The aim of this study was to analyze the effects and outcome of transluminal balloon angioplasty (TBA) on brain tissue perfusion by using combined perfusion- and diffusion-weighted (PW/DW) magnetic resonance (MR) imaging in patients with cerebral vasospasm after subarachnoid hemorrhage.

Methods

Ten consecutive patients with cerebral vasospasm treated using TBA were included in this prospective study. Hemodynamically relevant vasospasm was diagnosed using a standardized PW/DW MR imaging protocol. Digital subtraction angiography was used to confirm vasospasm, and TBA was performed to dilate vasospastic arteries. The PW/DW imaging protocol was repeated after TBA. The evaluation of the passage of contrast medium after standardized application using the bolus tracking method allowed for the calculation of the time to peak (TTP) before and after TBA.

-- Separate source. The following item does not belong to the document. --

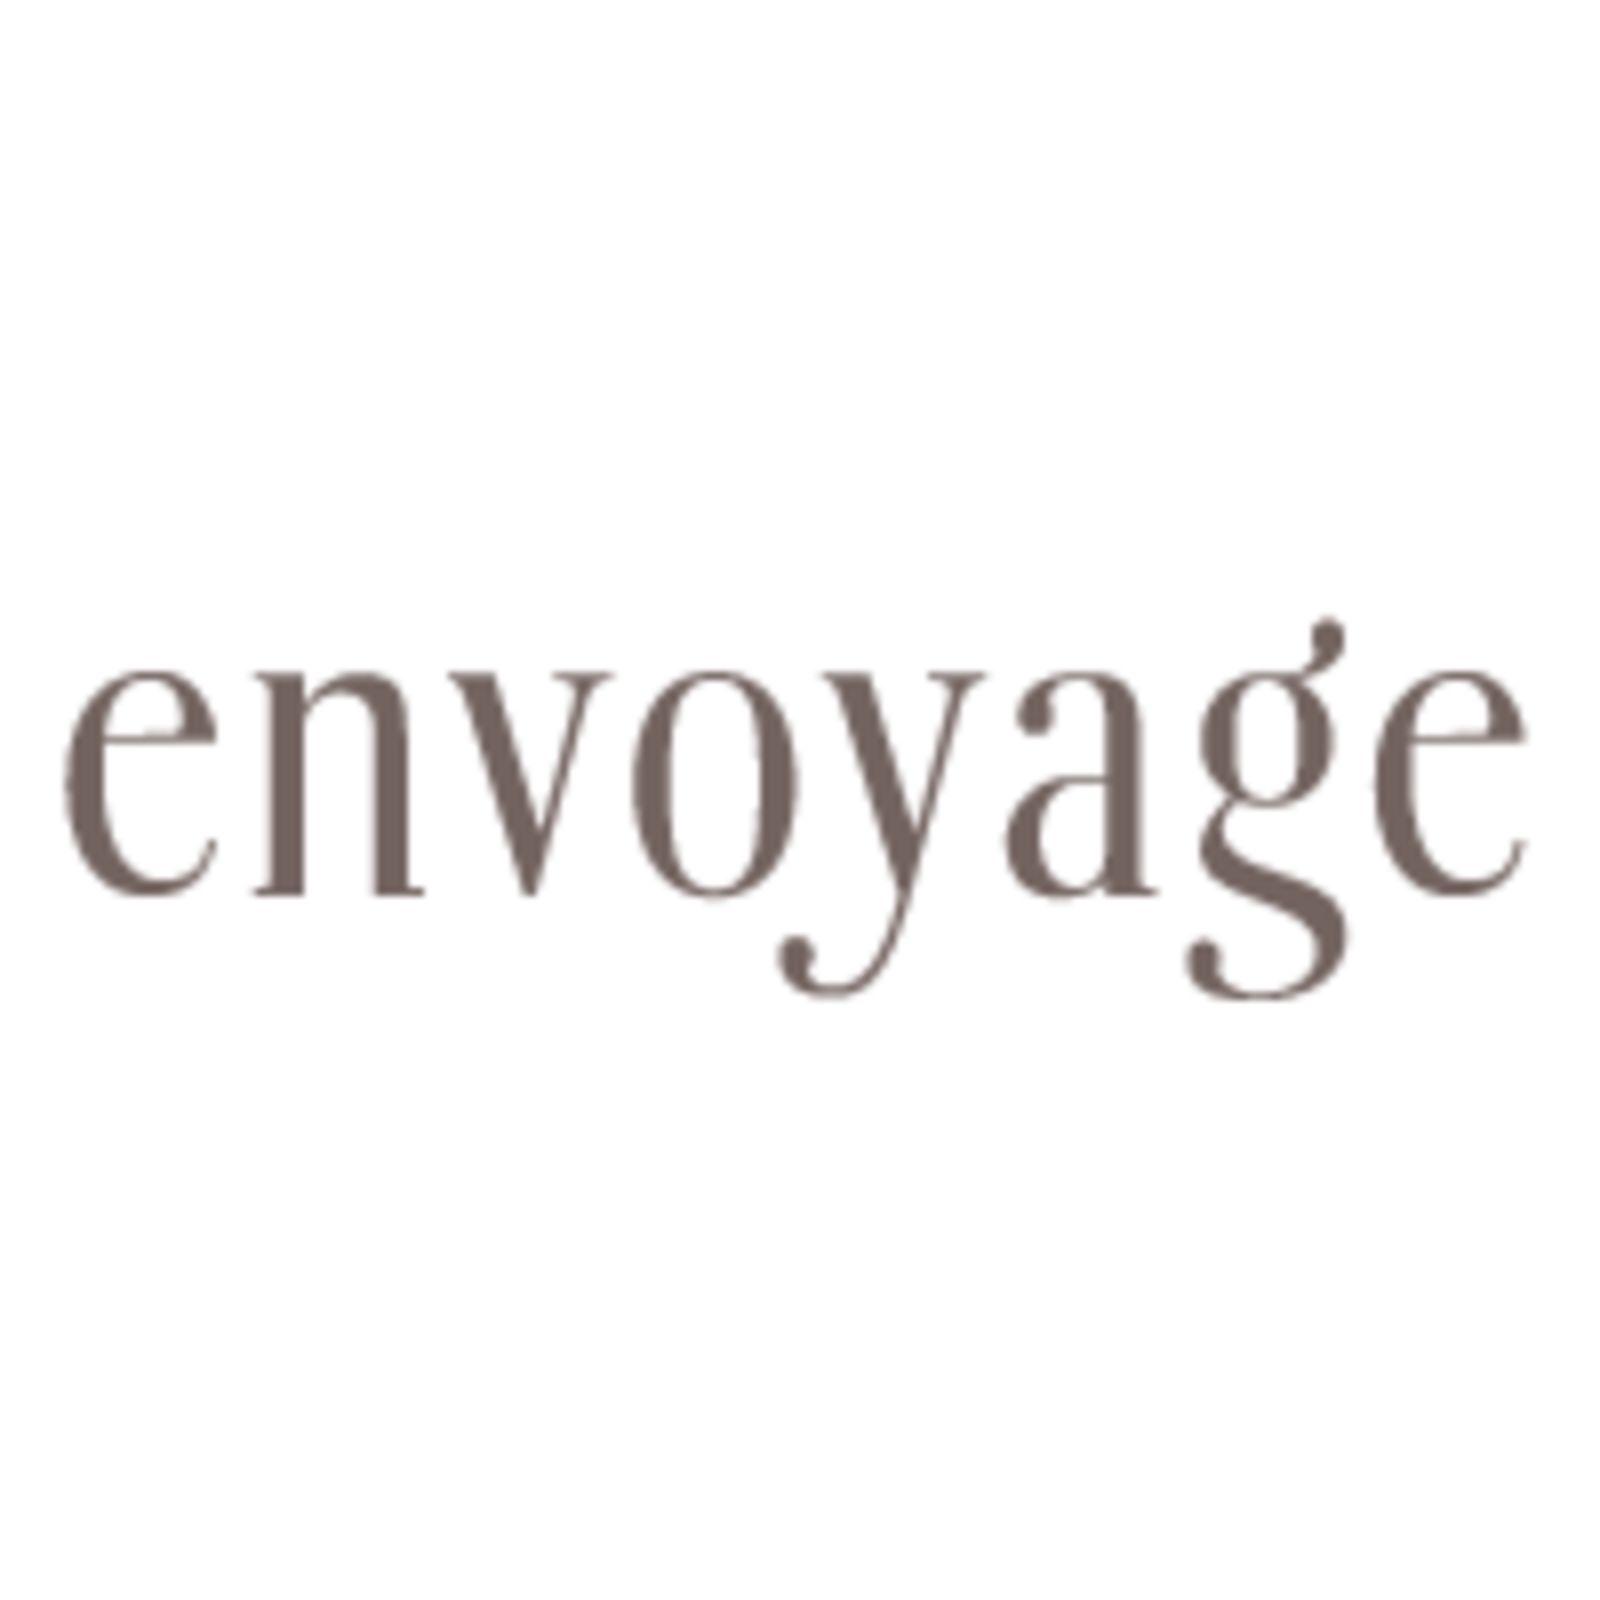 envoyage

Tissue at risk was defined based on perfusion delays in individual vessel territories compared with those in reference territories. In cases with proximal focal vasospasm, TBA could dilate spastic arteries. Follow-up PW/DW MR imaging showed the disappearance of, or a decrease in, the mismatch. A TBA-induced reduction in the perfusion delay of 6.2 ± 1 seconds (mean ± standard error of the mean) to 1.5 ± 0.45 seconds resulted in the complete prevention of infarction; a reduction in the delay of 6.2 ± 2.7 to 4.1 ± 1.9 seconds resulted in the preservation of those brain tissue parts having only small infarcts in the vessel territories. Without TBA, however, the perfusion delay remained or even increased (11.1 ± 3.7 seconds), and the complete infarction of a territory occurred.

Conclusions

Angioplasty of vasospastic arteries leads to hemodynamic effects that can be quantified using PW/DW MR imaging. In cases of a severe PW/DW imaging mismatch successful TBA improved tissue perfusion and prevented cerebral infarction. The clinical significance of PW/DW MR imaging and the concept of tissue at risk is shown by cerebral infarction in vessels not accessible by TBA.